▶ **Work request**
Scan the lines below for the word "Supreme". Copy each line you find it in.
(Recorded data begins)
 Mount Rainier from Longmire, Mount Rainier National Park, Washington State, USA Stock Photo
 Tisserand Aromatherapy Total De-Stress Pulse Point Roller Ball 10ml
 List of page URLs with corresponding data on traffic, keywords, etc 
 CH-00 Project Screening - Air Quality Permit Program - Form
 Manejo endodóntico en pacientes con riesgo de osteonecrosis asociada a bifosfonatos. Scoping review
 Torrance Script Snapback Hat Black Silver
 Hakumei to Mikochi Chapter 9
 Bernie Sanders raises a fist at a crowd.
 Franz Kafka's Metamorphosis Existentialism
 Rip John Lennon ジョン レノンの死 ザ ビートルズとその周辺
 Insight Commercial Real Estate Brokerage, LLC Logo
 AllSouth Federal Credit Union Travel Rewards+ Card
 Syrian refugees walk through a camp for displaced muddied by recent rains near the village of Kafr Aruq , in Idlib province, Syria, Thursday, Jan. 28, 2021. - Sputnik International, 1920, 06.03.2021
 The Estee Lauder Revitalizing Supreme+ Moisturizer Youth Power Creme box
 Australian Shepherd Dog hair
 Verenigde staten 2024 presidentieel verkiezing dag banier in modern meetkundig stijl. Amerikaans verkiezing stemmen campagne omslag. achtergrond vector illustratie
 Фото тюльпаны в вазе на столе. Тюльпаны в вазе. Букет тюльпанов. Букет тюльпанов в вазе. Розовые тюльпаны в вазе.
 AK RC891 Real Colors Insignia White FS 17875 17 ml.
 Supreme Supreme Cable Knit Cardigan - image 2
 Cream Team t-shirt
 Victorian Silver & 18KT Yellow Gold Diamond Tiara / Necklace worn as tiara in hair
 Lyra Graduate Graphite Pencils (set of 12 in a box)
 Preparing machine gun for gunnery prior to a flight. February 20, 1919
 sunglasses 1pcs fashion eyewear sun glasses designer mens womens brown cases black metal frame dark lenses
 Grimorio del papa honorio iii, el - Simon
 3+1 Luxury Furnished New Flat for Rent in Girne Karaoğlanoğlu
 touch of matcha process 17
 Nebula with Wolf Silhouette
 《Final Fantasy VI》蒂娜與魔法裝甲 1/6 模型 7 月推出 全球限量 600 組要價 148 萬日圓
(Recorded data ends)
▶ **Completed exercise**
 The Estee Lauder Revitalizing Supreme+ Moisturizer Youth Power Creme box
 Supreme Supreme Cable Knit Cardigan - image 2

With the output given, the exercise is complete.